The Church of Ireland community is served by the Drumcliffe Union and the Methodist community is served by a lay pastor. Shannon is also home of Christian evangelical churches, Shannon Christian Church and New Life Christian Church.

St. John’s Church of Ireland School was the first school established in Shannon in 1962. Christ Church Shannon opened in 1962, also serving members of the reformed faiths,  but it is now closed.

Shannon was the manufacturing base of GAC Ireland, which built almost all buses for CIÉ during its short existence between 1980 and 1986.

Development
The population grew in the 1990s, and new modern housing developments were built. Improvements to facilities in the town included the opening of a second major supermarket, Lidl, with the shopping centre being expanded by the addition of the "skycourt" complex.

The main road through Shannon was remodelled following the opening of the bypass of Newmarket-on-Fergus. New units continued to open in the industrial estates.

Education 

Shannon town has six primary schools: St. Tola's, St John's, St Senan's, Gaelscoil Donnacha Rua, St. Conaire's (largest primary school) and St. Aidan's, including a Gaelscoil (Gaelscoil Donncha Rua) and a school under the patronage of Church of Ireland (St. Johns NS).

There are two second level education institutes in the town, St. Patrick's Comprehensive School and St. Caimin's Community School. St. Patrick's Comprehensive School opened in 1966 as Ireland's first comprehensive school.
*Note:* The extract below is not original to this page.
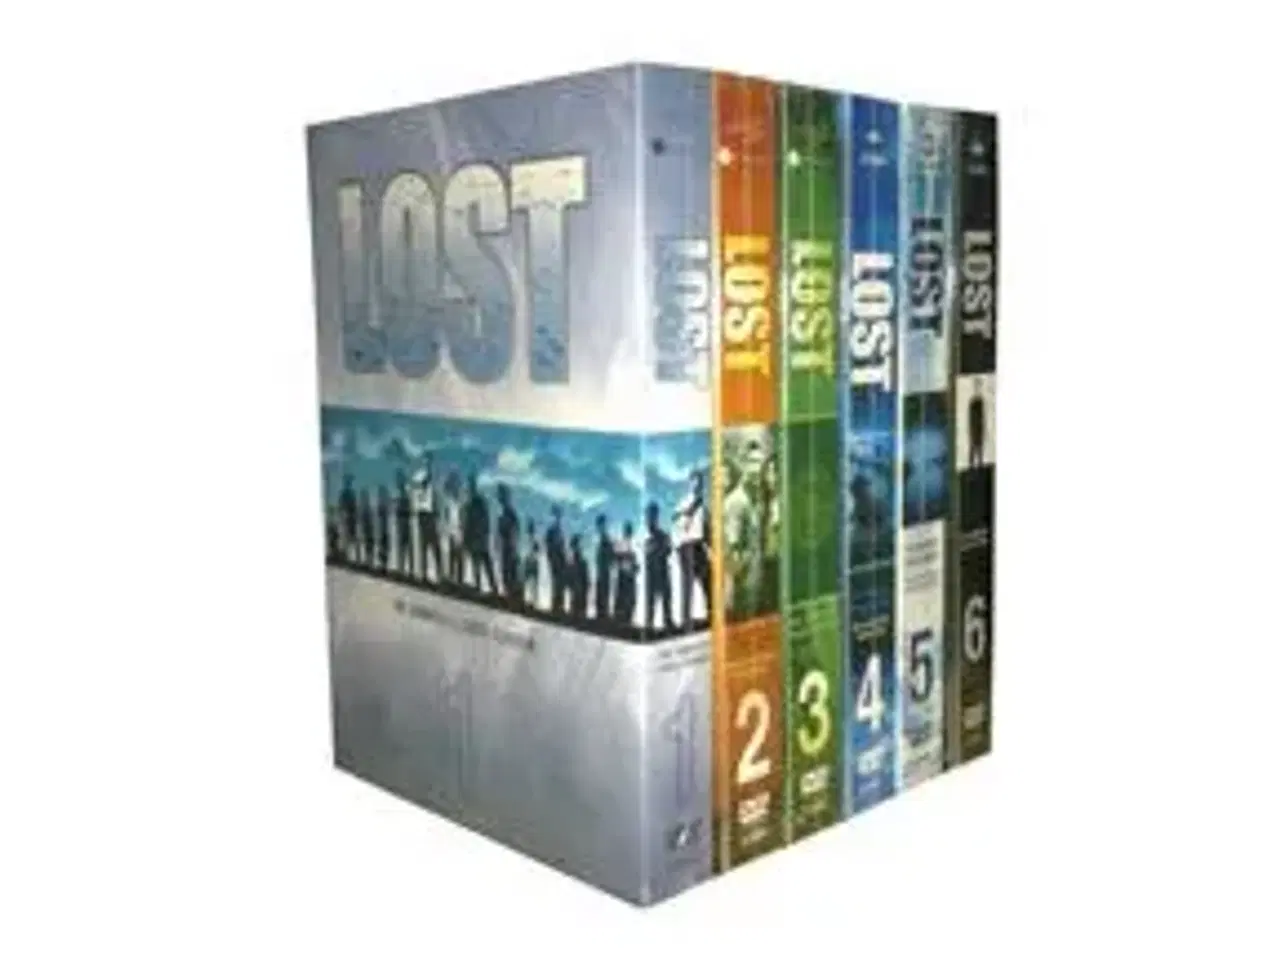 Billede 2 - komplet LOST serie ; sæson 1 til 6

It has been serving the town since and is due an extension to increase its capacity to over 900 pupils.

There is one third level institution in Shannon: the Shannon College of Hotel Management, which opened in 1951. Since 2015 it has been an official college of the National University of Ireland, Galway.

Economy
Shannon Free Zone is Ireland's largest cluster of North American investments. Since its establishment in 1959, more than 110 overseas companies have chosen to open subsidiaries in Shannon. Major companies in Shannon include global market leaders as Element Six, Symantec, Avocent, AXA Partners, Lufthansa Technik, Mentor Graphics, RSA Security, Molex, GE Capital, Ingersoll Rand, Intel and Digital River. When Eirjet existed, its head office was located on the grounds of Shannon Airport.

Local government and politics

The town is administered at a local level by Clare County Council, preceded by Shannon Town Council, which in turn succeeded the Shannon Town Commissioners. In addition, prior to September 2004, Shannon Development, a state-sponsored body had charge of many services normally provided by local authorities in Ireland. This gave Shannon a unique status in local governance. In September 2004 its situation was regularised when Shannon Development transferred its local government functions to Clare County Council. The company retains responsibility for the Shannon Free Zone.

Climate 
Climate in this area has mild differences between highs and lows, and there is adequate rainfall year-round.  The Köppen Climate Classification subtype for this climate is "Cfb" (Marine West Coast Climate/Oceanic climate).
The highest temperature ever recorded in Shannon was  on 28 June 2018.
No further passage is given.